Le « grand gouffre » du retour à la terre pour les skippers du Vendée Globe

Par Epoch Times avec AFP
13 mars 2021 14:14 Mis à jour: 13 mars 2021 14:14

« Il y a un grand gouffre quand on s’arrête »: la fin du Vendée Globe est synonyme pour les navigateurs d’un grand soulagement et de moments d’intense bonheur, mais aussi d’une lente convalescence tant physique que psychologique.

« Les premières heures sont géniales, tout se passe bien, c’est les retrouvailles, la première douche, la première nuit, et puis après il y a toute la fatigue qui te tombe dessus », témoigne Jérémie Beyou quelques semaines après son arrivée, le 6 février, dans le port vendéen des Sables d’Olonne.

« Il y a un grand gouffre quand on s’arrête », assure le skipper de Charal, 44 ans, disant avoir réalisé depuis son arrivée un bilan médical mais aussi psychologique.

« Je passe un peu par tous les états dans une même journée ces jours-ci », raconte celui qui était parti grand favori mais est arrivé en 13e position en raison d’avaries. « Je ne dors que d’un œil ou d’une oreille comme si j’étais toujours sur le bateau et que je m’attendais à ce qu’il se passe quelque chose », explique le marin qui participait à son 4e Vendée Globe.

Des questions existentielles

« Ils ont vécu quelque chose que nous, terriens, on n’a pas l’occasion de vivre, atterrir après ça ce n’est pas simple », analyse Jean-Yves Chauve, médecin de la course depuis sa première édition en 1989, assurant avoir « connu un divorce au large ». « Il y a des questions existentielles qui peuvent se poser », note-t-il.

Des tels changements de vie restent cependant assez exceptionnels et le plus compliqué reste la gestion du vide qui peut se faire ressentir quelques jours ou semaines après l’arrivée.

« Une fois qu’on est monté en haut de l’Everest il faut en revenir, mais qu’est-ce qu’on fait après ? Y retourner c’est presque la solution de facilité », juge le Dr Chauve.

Encore de belles courses à venir

« Pendant plusieurs années j’ai mangé, j’ai dormi Vendée Globe, jour et nuit.

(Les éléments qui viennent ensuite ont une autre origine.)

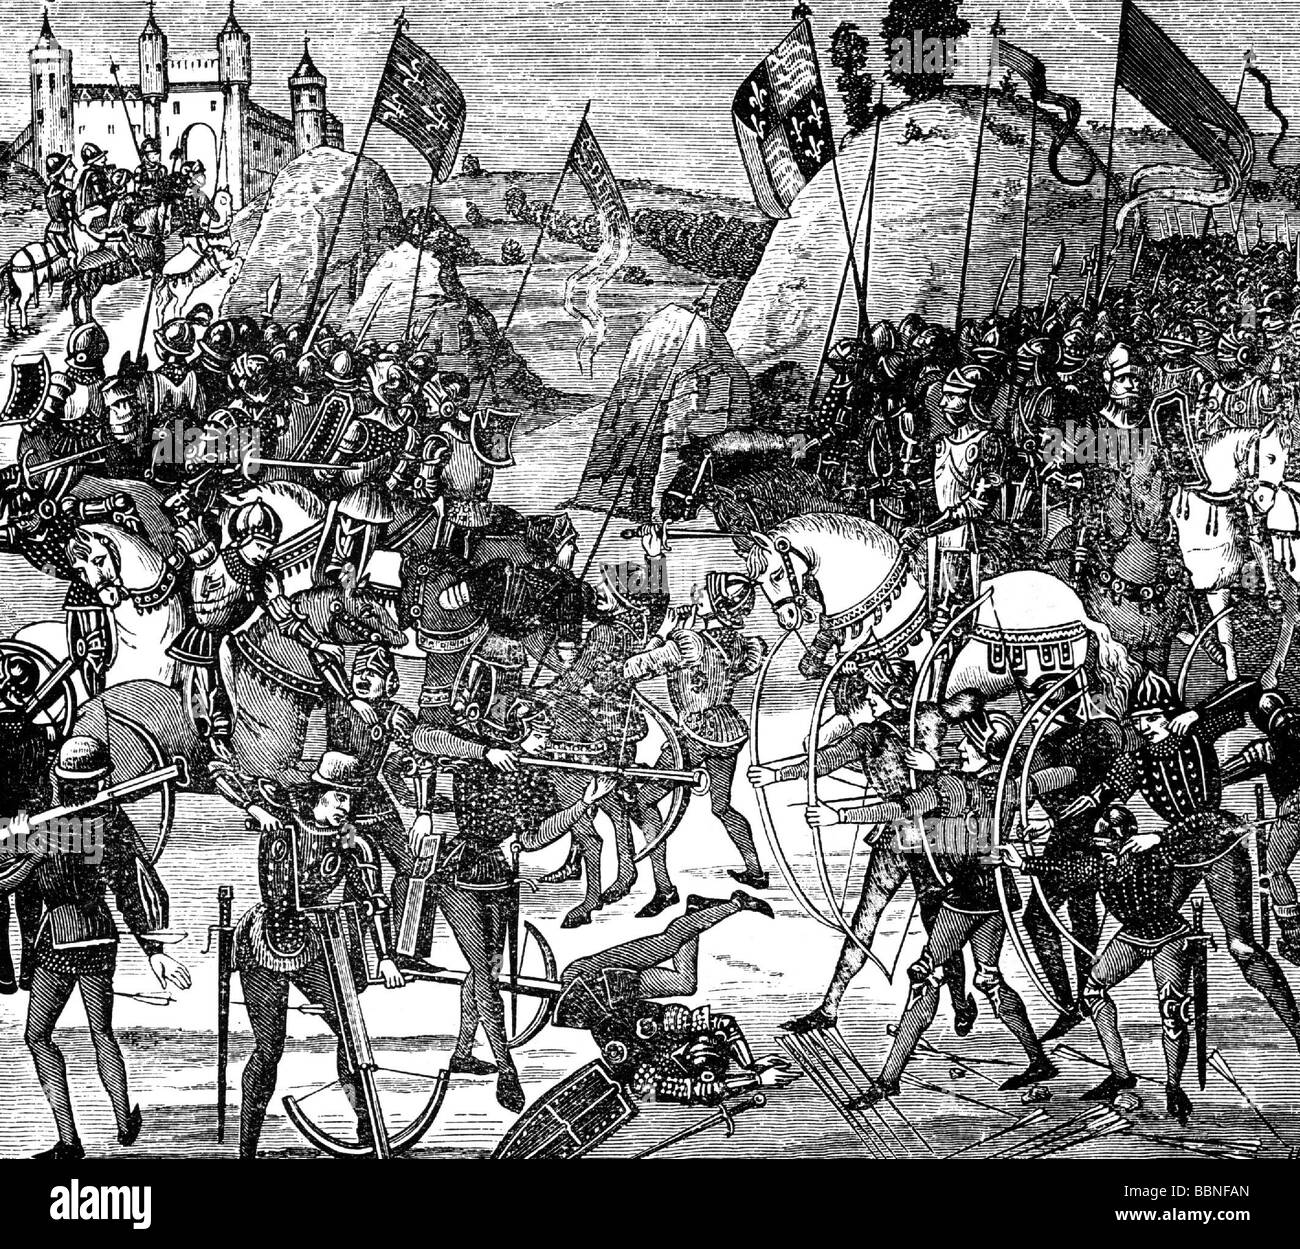 events, Hundred Years' War 1337 - 1453, Battle of Crecy, 26.8.1346, Chronicles of Jean Froissart, 14th century, Paris National Library, wood engraving, 19th century, middle ages, English, French, England, France, kinghts, archrs, crossbowmen, longbow, mediaeval warfare, crossbow, historic, historical, medieval, people, Stock Photo
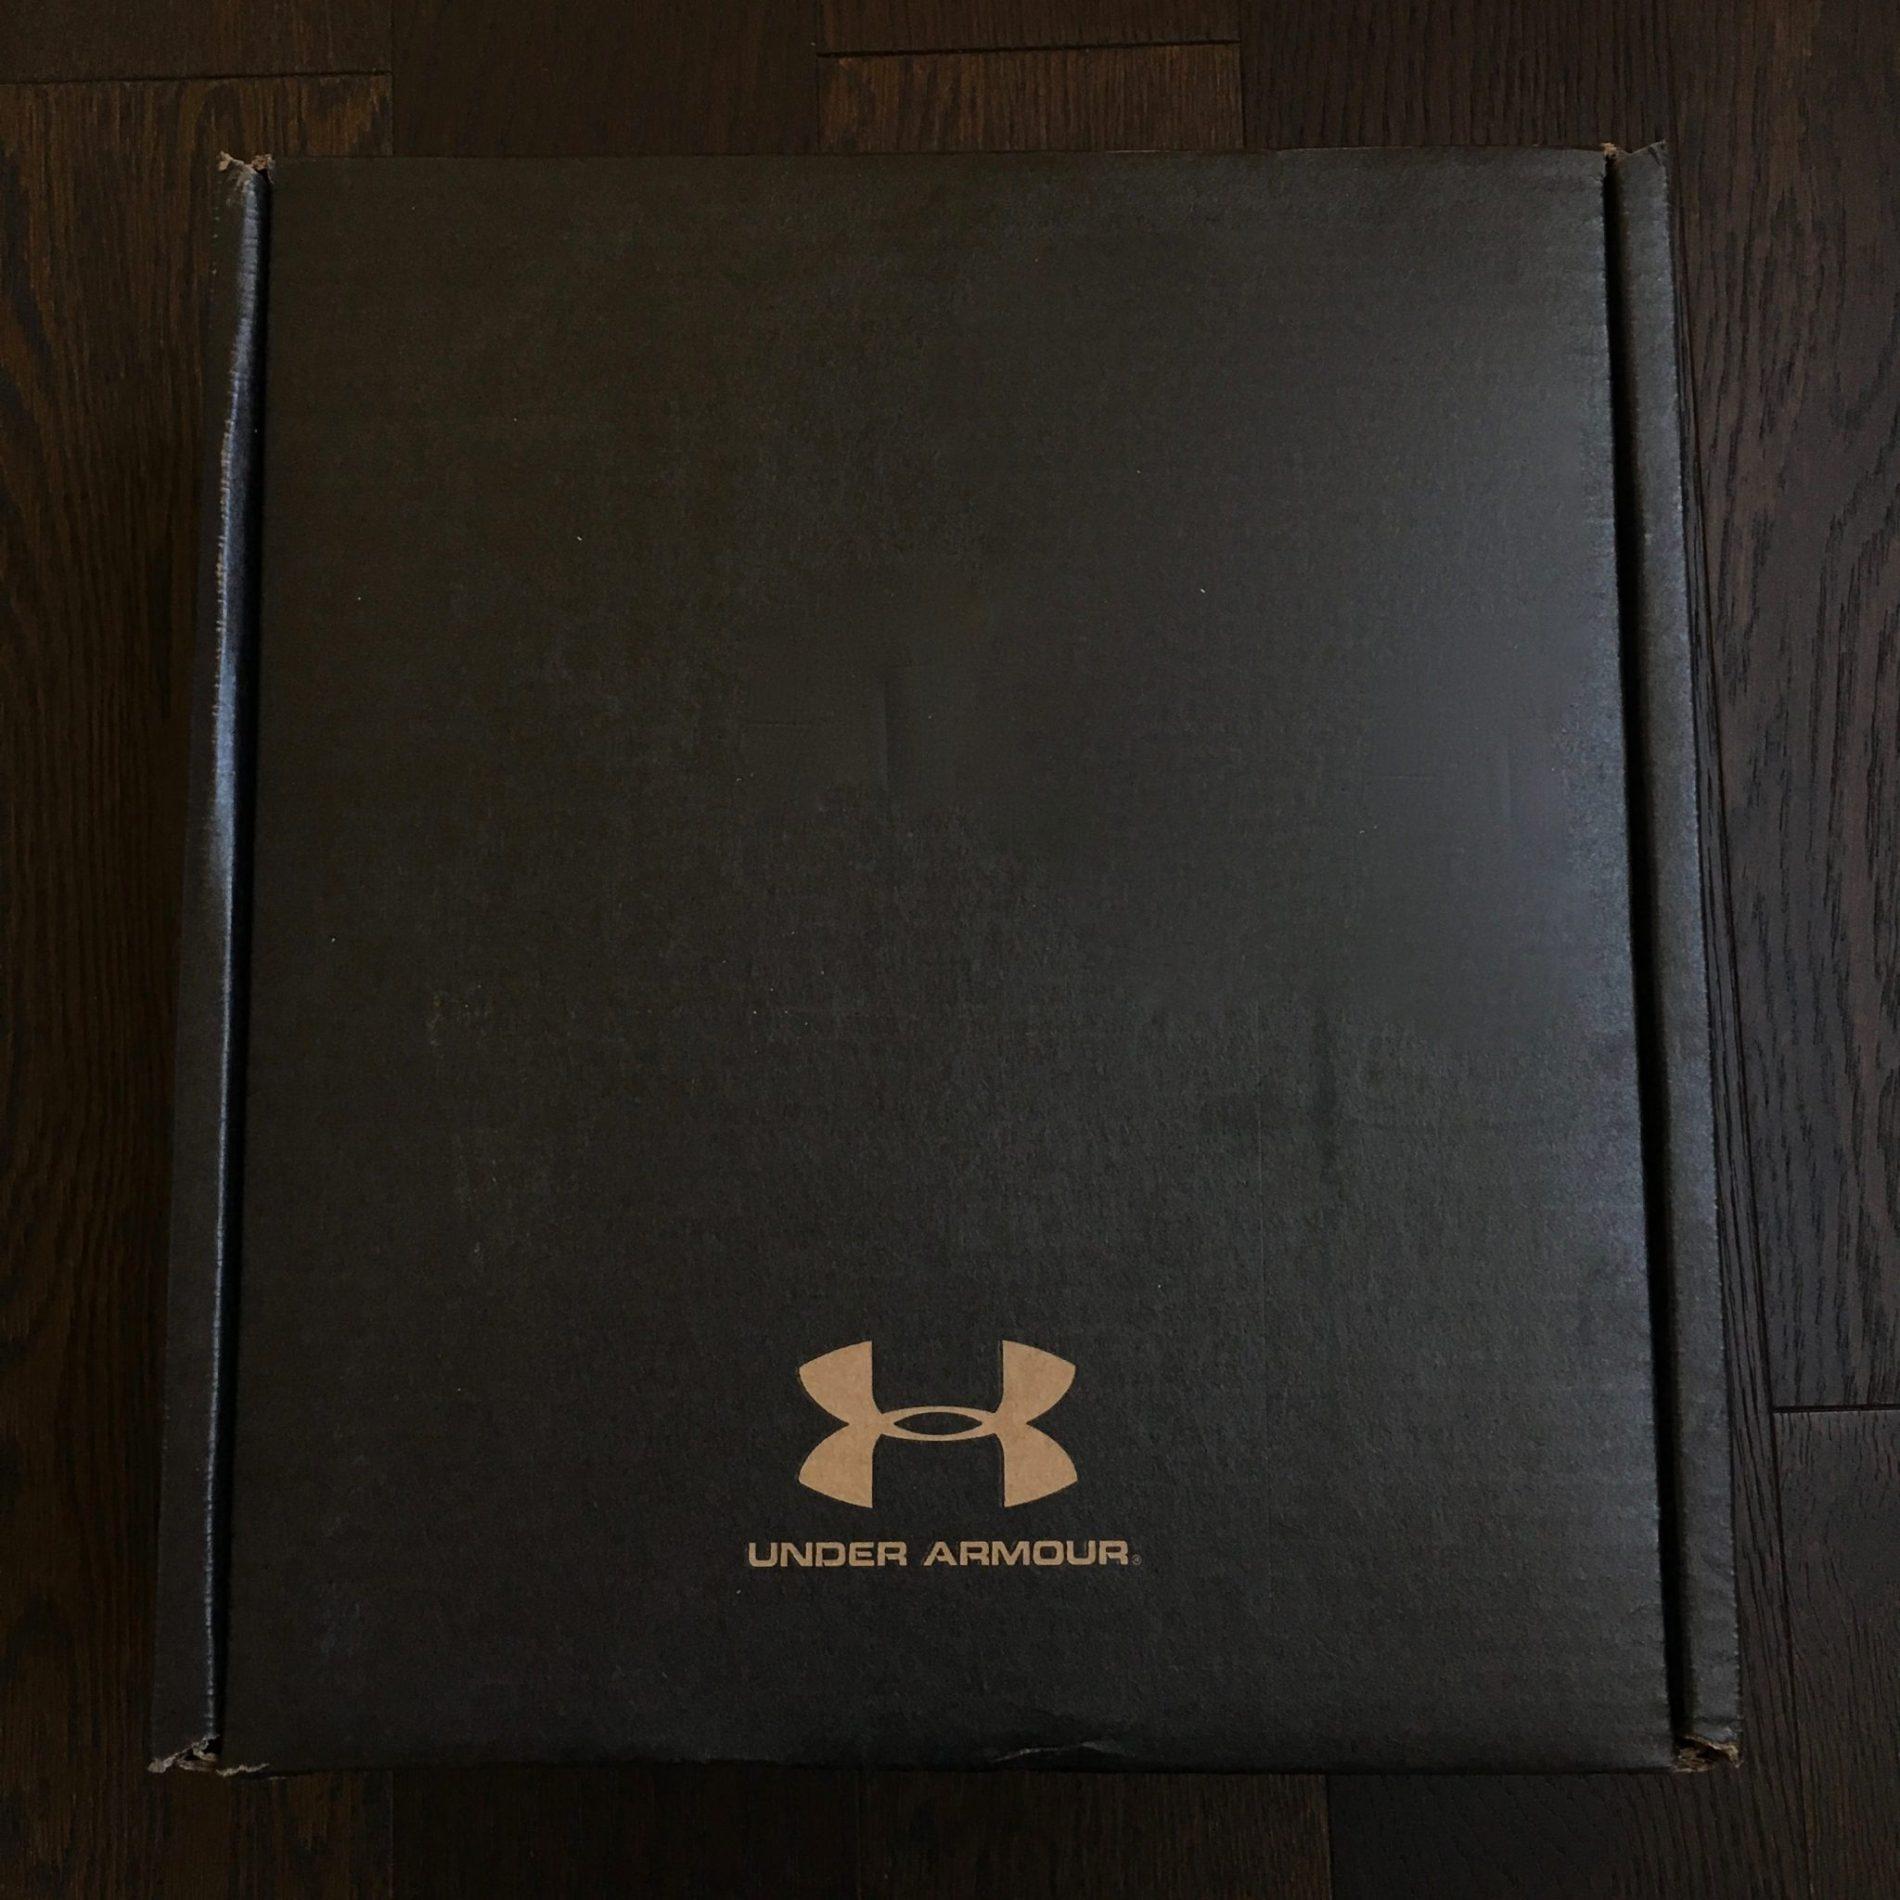 Under Armour ArmourBox Review - March 2018 - Subscription Box Ramblings

J’aurais pu effectivement ressentir ce vide une fois ce gros objectif terminé, mais heureusement j’ai encore de belles courses à venir cette année et l’année prochaine, ça me permet de me concentrer là-dessus », note Charlie Dalin, se réjouissant de ne pas souffrir du « fameux Vendée Blues », cette décompression qui peut accompagner le retour à la terre ferme.

Le navigateur de 36 ans remettra son titre en jeu en novembre lors de la Transat Jacques-Vabre avant de participer à la Route du Rhum en 2022. Dans son chantier de Concarneau, il s’affaire ainsi autour de son bateau en cours de modification afin de « le rendre encore plus fiable et performant ». 

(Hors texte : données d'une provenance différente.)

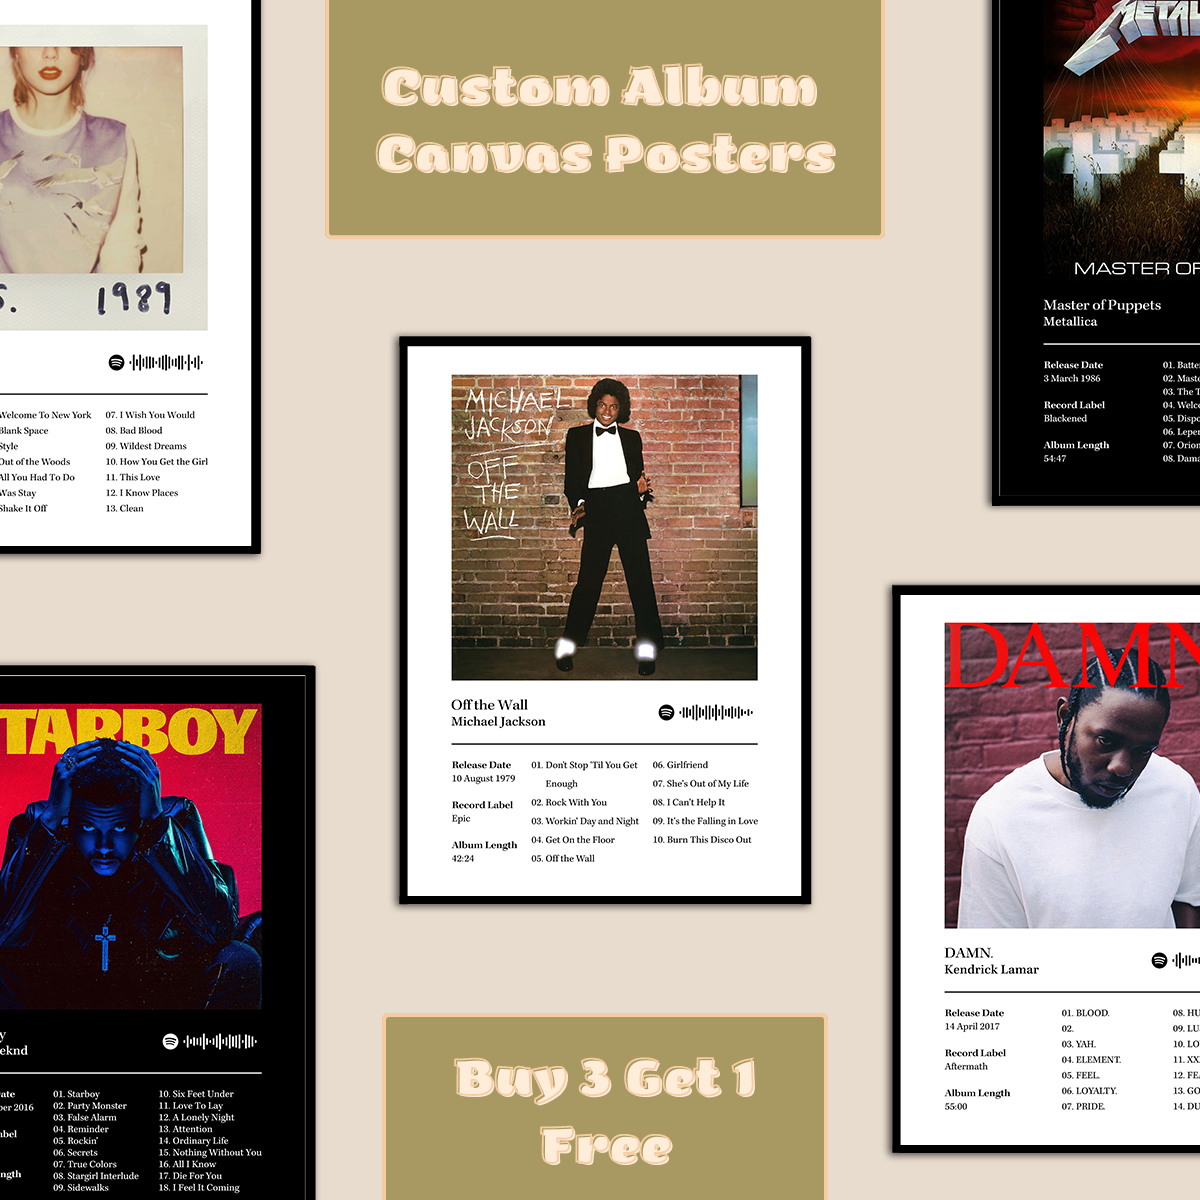 Create your own album poster! – Poster Crew

Physiquement en revanche, le retour n’a pas été simple pour le navigateur normand qui s’est classé deuxième pour sa première participation. « J’ai un peu mal partout, aux genoux, aux articulations, je sens que je ne peux pas me permettre de forcer, le corps ne suivrait pas », décrit-il, au terme d’une séance d’entraînement avec le pôle Finistère course au large.

En convalescence du Vendée Globe

Bien qu’extrême, l’épreuve, autour du monde en solitaire et sans escale, n’en reste pas moins une « course de sédentaires », note le Dr Chauve. « Les navigateurs vivent assis sur le bateau, il y a une importante fonte musculaire au niveau des membres inférieurs », explique-t-il.

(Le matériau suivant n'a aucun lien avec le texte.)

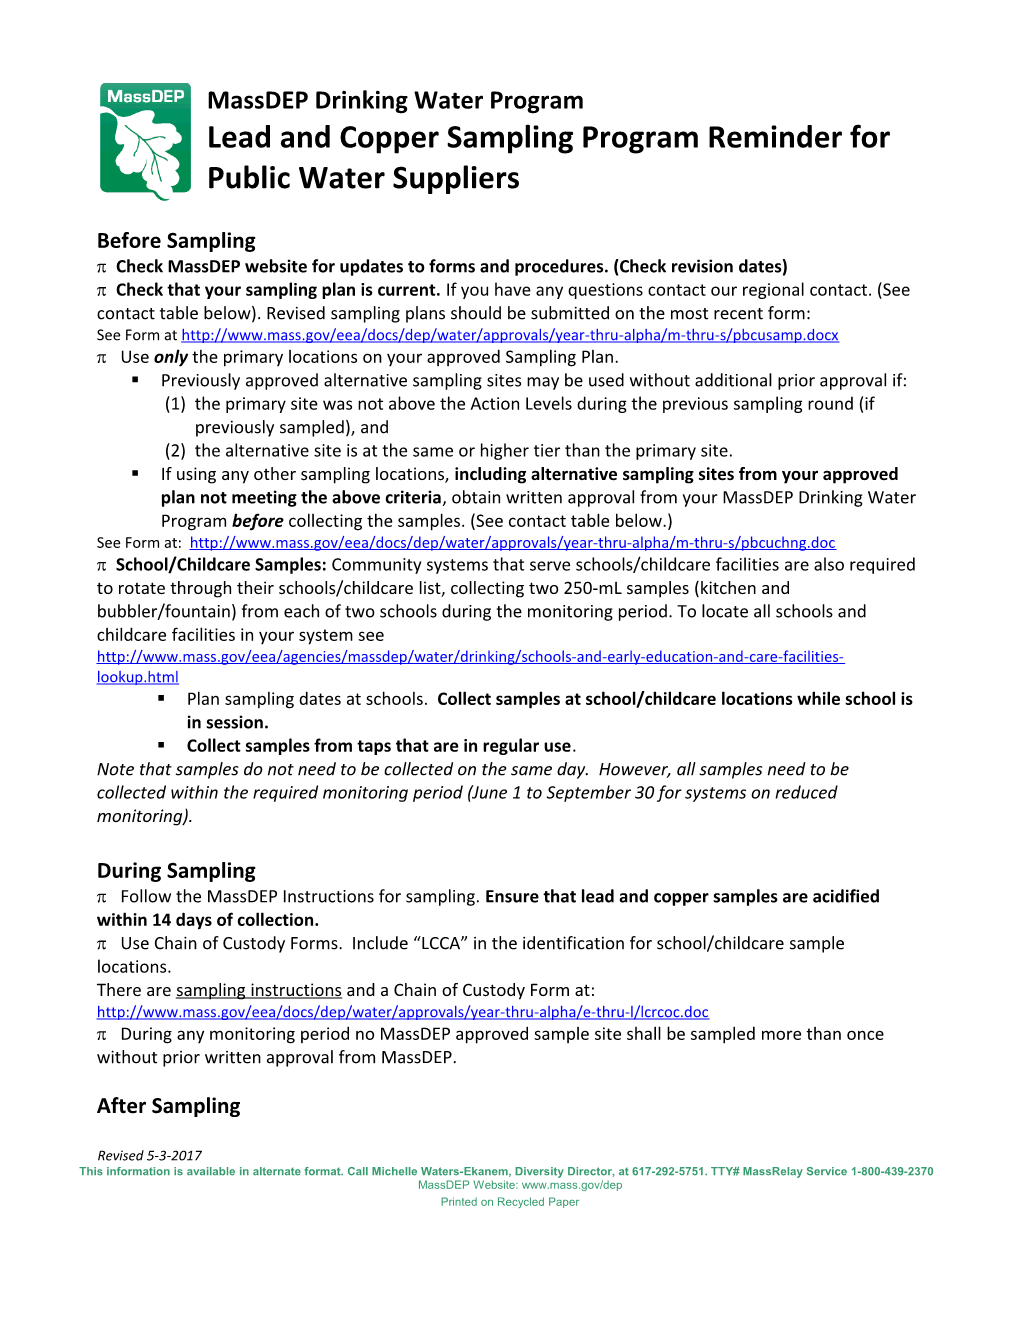 Lead and Copper Sampling Program Reminder for Public Water Suppliers

Charlie Dalin est « extrêmement fatigué », confirme Ronan Martin, son préparateur physique. « Il a du mal à se remettre dans le bain », poursuit-il, évaluant à trois mois encore le temps nécessaire pour qu’il retrouve sa forme d’avant. Il a « perdu en puissance, en force et en endurance », énumère-t-il.

« Il y a un temps d’adaptation c’est sûr », résume Jean Le Cam, arrivé au pied du podium après un spectaculaire sauvetage de son concurrent Kévin Escoffier. « On est un peu décalé… voilà, t’es un peu dans les nuages », décrit le skipper de 61 ans après un temps de pause, disant prendre pour sa part les choses « au jour le jour ». « On est en convalescence du Vendée Globe quoi ».